It’s an absolute, undeniable fact (for me anyway) that the 1980s were the golden age of cinema. The Back to the Future trilogy. Ferris Bueller’s Day Off. The Empire Strikes Back and Return of the Jedi. Teen Wolf. The Terminator. Monster Squad. The Karate Kid. I could go on. I’m the sort of person that will drop everything to watch Back to the Future 2 when it’s on TV (pretty much a bi-weekly occurrence it seems), even though I’ve owned the VHS box set, and in later years upgraded to DVD, and never, ever get bored. I can recite pretty much every word to Karate Kid, even down to belting out “YOU’RE THE BEST! ALL ROUUUUND! NOTHING’S GONNA EVER KEEP YOU DOWN!” straight after executing a perfectly timed crane-kick to the unsuspecting chin of my younger brother (my parents had to confiscate that video, along with Rocky 1- 3 due to the outbursts of violence that would inevitably follow). You just don’t get films that inspire that kind of brutality that anymore.
Which brings me to Indiana Jones. Arguably the greatest action hero of all time. I dread to think how many hours of my 29-year total have been spent watching everyone’s favourite archaeologist whip-cracking his way through Egypt, India and Germany. If I’d used this time more productively, I could probably be a classical pianist, sculptor, or be fluent in Mandarin. Maybe even all three, and more. Which is why, when a fourth instalment was announced, I regressed to being 8 years old again, grabbed a tie and nearly whipped my flatmate’s eye out.
George Lucas had a lot to live up to. I’ve managed to forgive what he did to the Star Wars trilogy – flexing the CGI muscle of Lucasarts was pretty inevitable with a science fiction series, and the kids that made the original films so successful by shelling out their hard earned pocket money on merchandise in the 70s and 80s now have kids of their own, so they were always going to be children’s films. But with Indy, it needed to be a different story. I’d already made my peace with the dodgy title before the trailer had even come out. And I can accept that Harrison Ford is no spring chicken, so wasn’t expecting to see him doing his own stunts. All I could do was put my trust in there being some truth behind all the clichéd interview quotes like “I’d only do it if the script was just right” and “we’ve gone to great lengths to stay true to the original films”.

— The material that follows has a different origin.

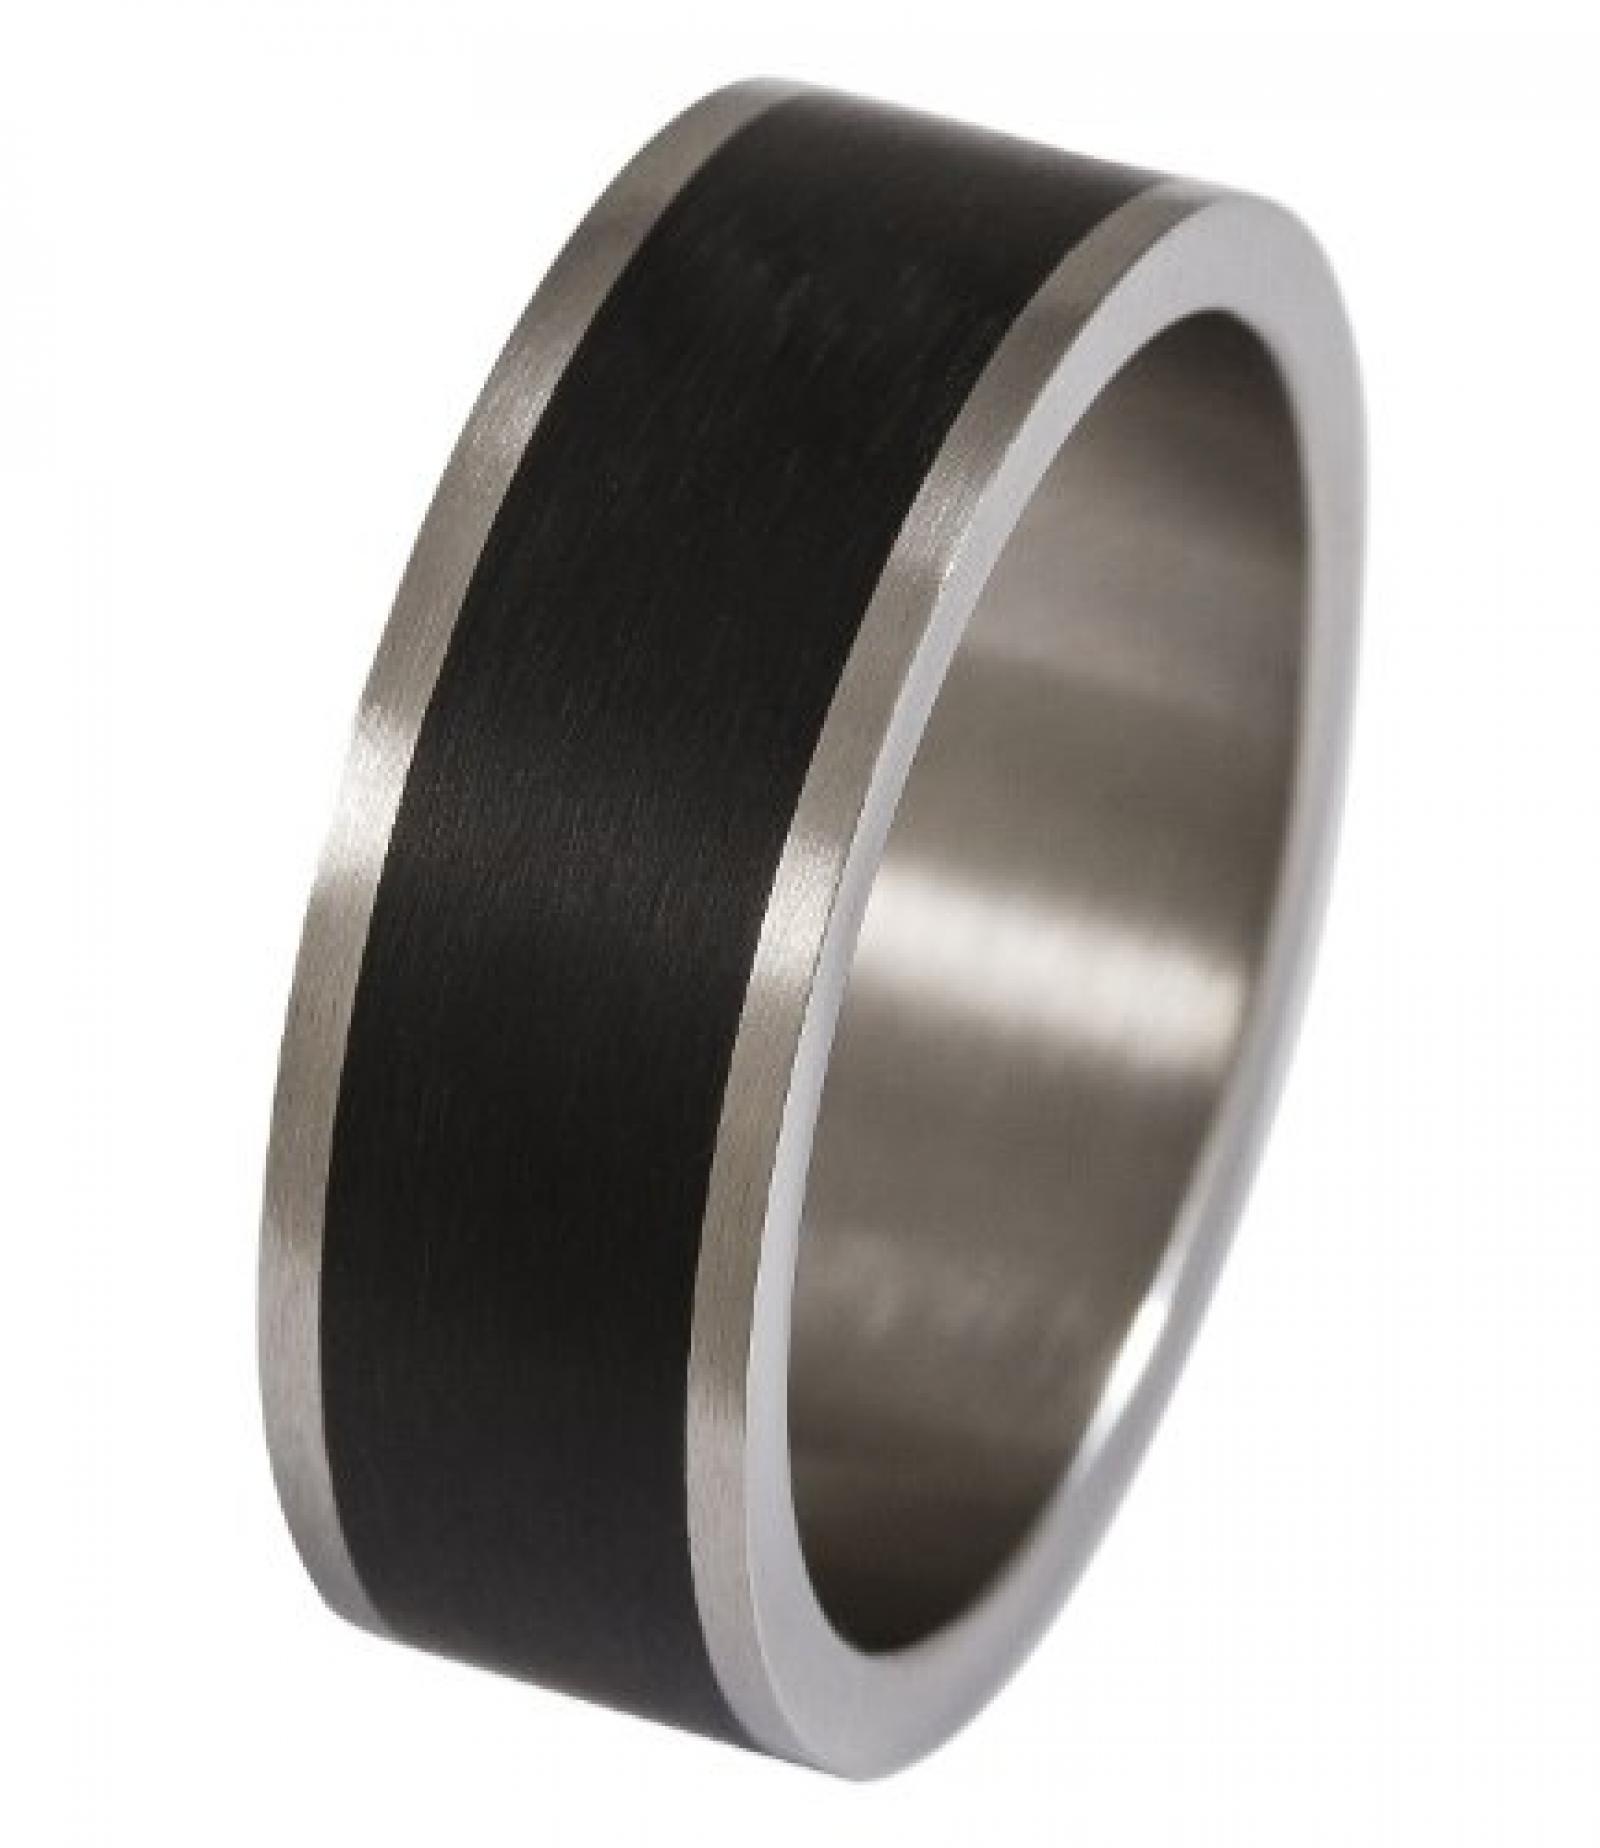 SIX MAN silberner Edelstahl-Ring in Gr.62 mit breitem, schwarzem Streifen (110-856 )

Well, it turns out, that they were lying all along. I’m not going to spoil the film for anyone by revealing any of the details of the ‘plot’, but if you share any of the childhood sentiment I’ve described above, you’re not going to like what you see. It’s as if Lucas and Spielberg had commandeered Doc Brown’s Delorian, travelled back to 1980’s Wiltshire, found the young, innocent, short-trousered Rhys, poked him squarely in the eye, and mugged him of his sweets. It’s a clumsy, pointless, poorly written, abysmally acted shambles of a film. It’s not that I’m too old for this sort of thing – I watched ‘the Last Crusade’ the day before I went to the cinema, and enjoyed it ever bit as much as I had 19 years ago. It’s because it’s like an episode of the X Files, but written and filmed by baboons. If I’d know 20 years ago what I know now, I’d have spent all that time more productively and could be putting the finishing touches to my first symphony right now.
You’ve still got to go and see it though. It is Indy, after all.